The Sharpe Ratio is a measure of return-risk for a portfolio or individual investment. Like many concepts that lend themselves to mathematics, it is easier to understand what the Sharpe Ratio means if written in the form of an equation.
S = (R - T)/Sigma (My editor does not have the correct symbol for Sigma.)
Developed by Stanford Professor, William F. Sharpe, the return of the portfolio or investment is represented by R. T is a T-bill (90-Day for example) or risk-free cash investment and Sigma is the uncertainty or volatility of the investment.
To help understand the Sharpe Ratio, Faber and Richardson, in their The Ivy Portfolio book write,
"A good rule of thumb for Sharpe Ratios is that asset classes, over the long term, have Sharpes around 0.2 to 0.3. A "dummy" 60/40 allocation of stocks/bonds is around 0.4. The Ivy Portfolio allocation is around 0.6. However, over shorter periods, the numbers can bounce all over the place. From 1900-2008, the S&P 500 has had Sharpe Ratios per decade ranging from negative 0.8 (-0.8) (the 1970s) to 1.4 (the 1950s)." Keep in mind the current construction of the S&P 500 began around 1957.

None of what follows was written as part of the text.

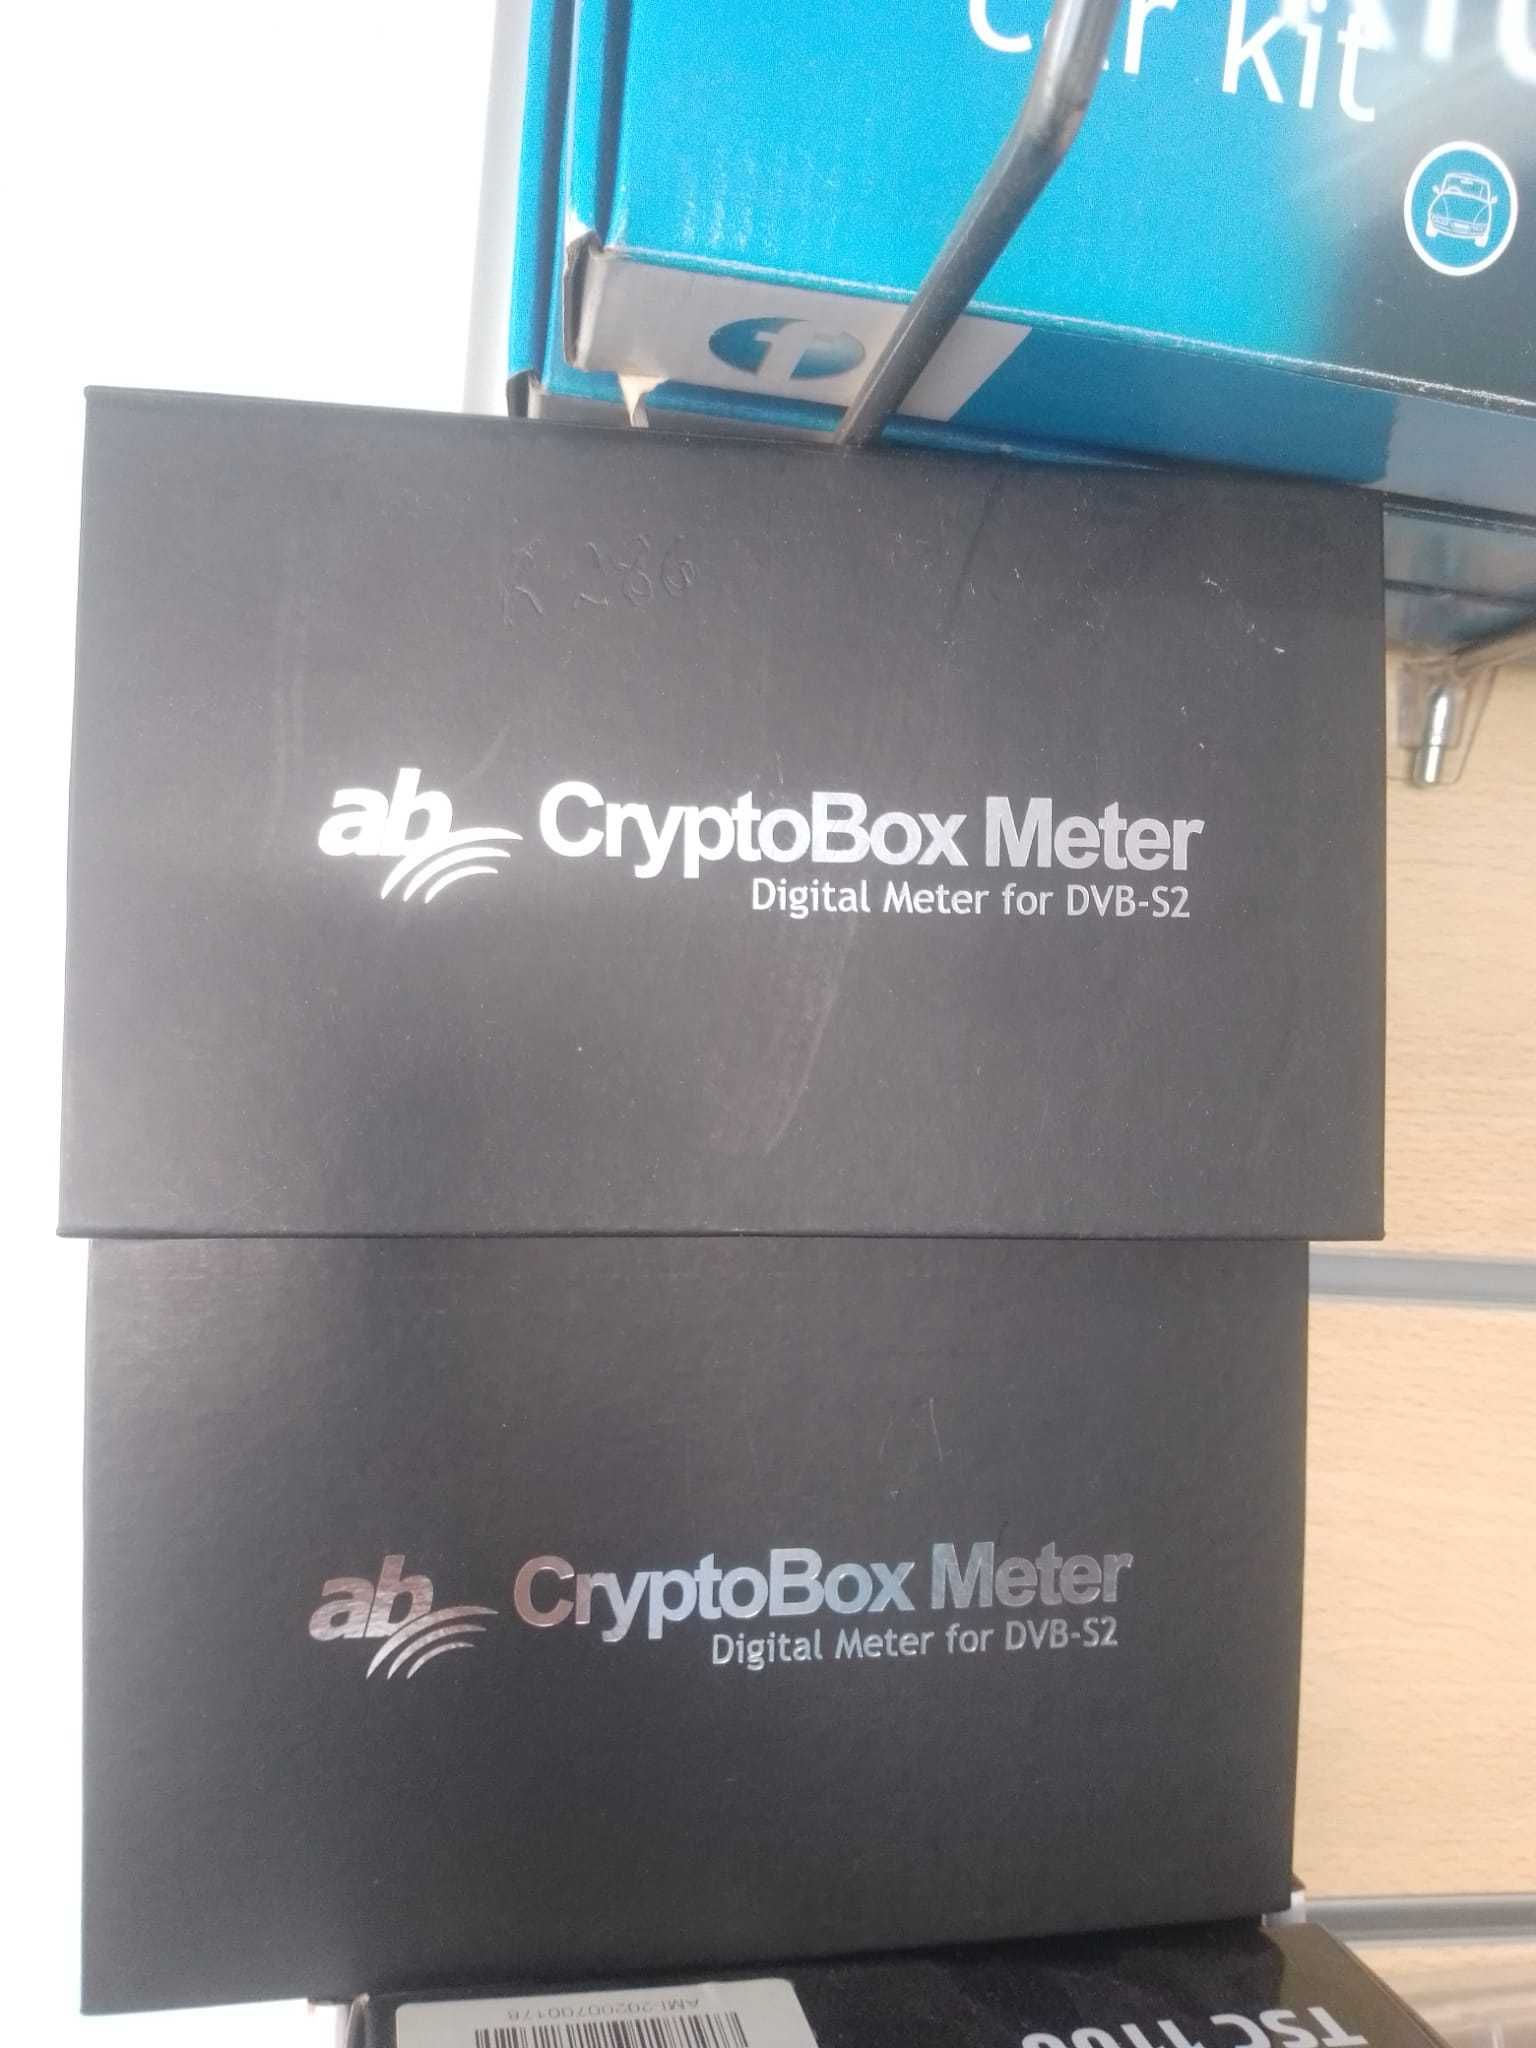 AB Cryptobox Meter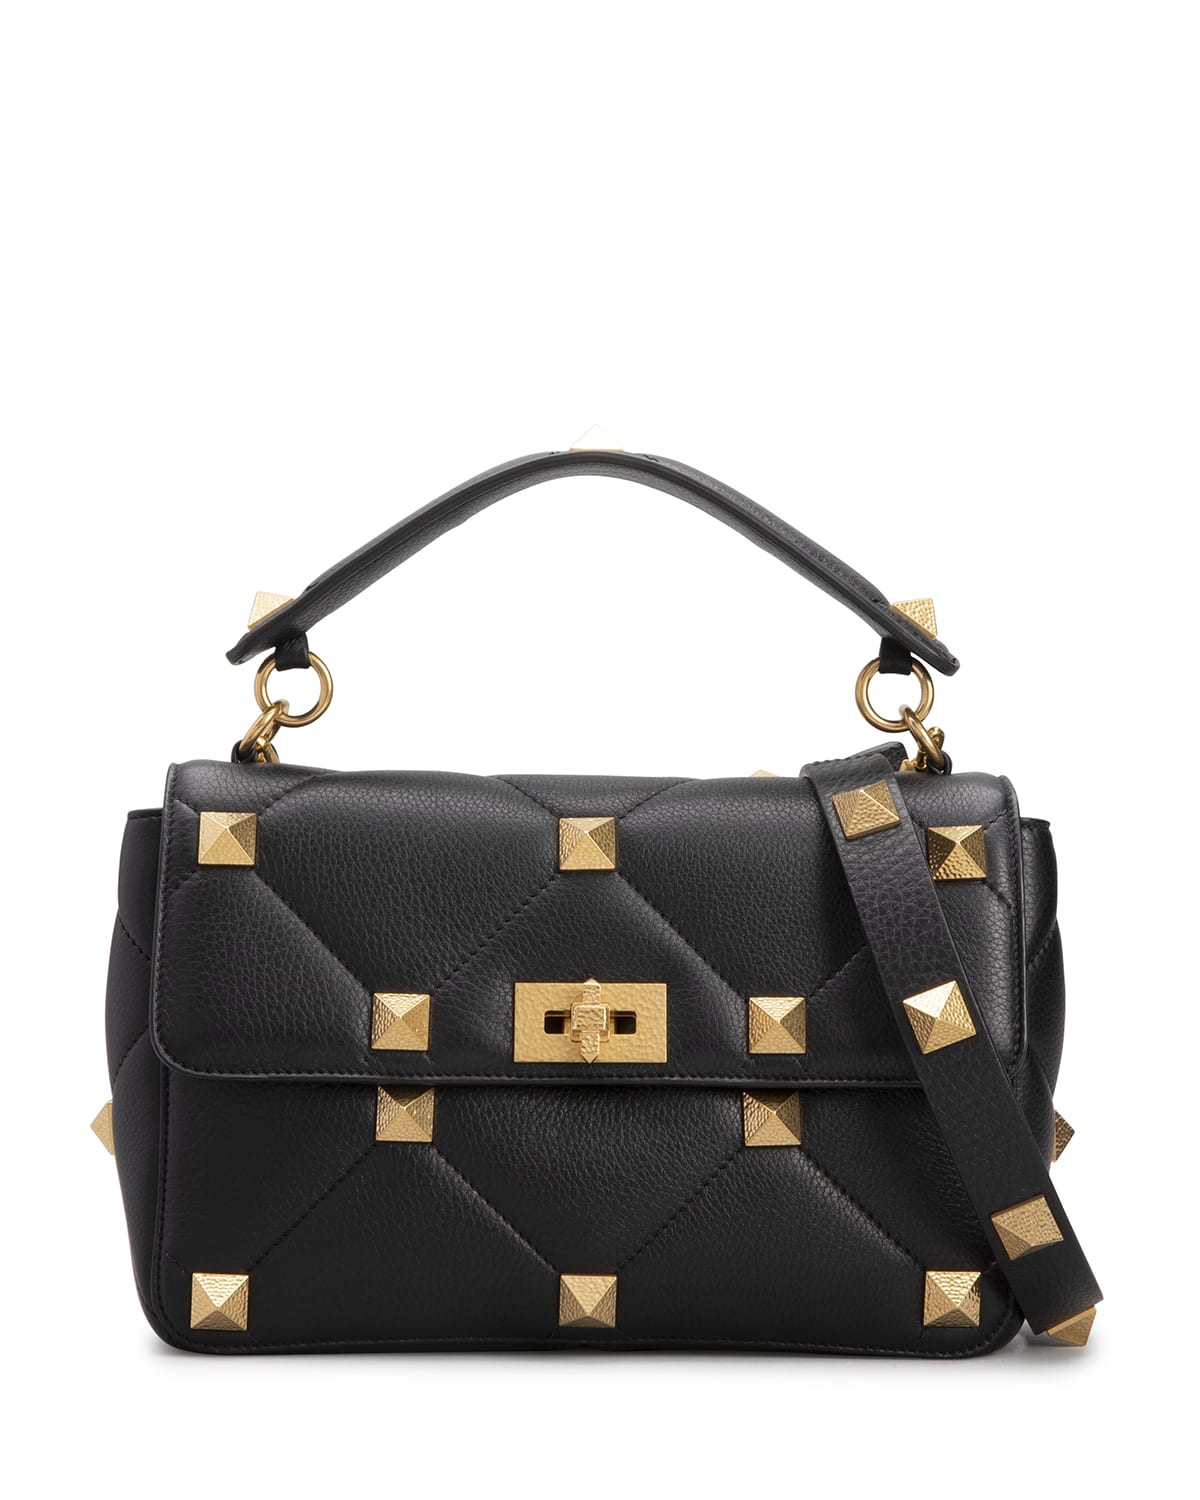 Black Quilted Leather Handbag | Neiman Marcus

The reason for not using the Sharpe Ratio is that it penalizes the money manager for upside volatility. That is the nature of the Sigma calculation. Both the Sortino and Retirement Ratios circumvent this problem as both employ a semi-variance calculation in the denominator. This calculation omits upside volatility.
The reason for using a "downside risk" calculation in the denominator is that the purpose of investing is to make money and this requires volatility to the upside. It makes no sense to downgrade the money manager for gaining an upside advantage.
Both the Sortino and Retirement Ratios are slight modifications of the Sharpe Ratio, and for this reason we need to give Dr. Sharpe credit for his outstanding research.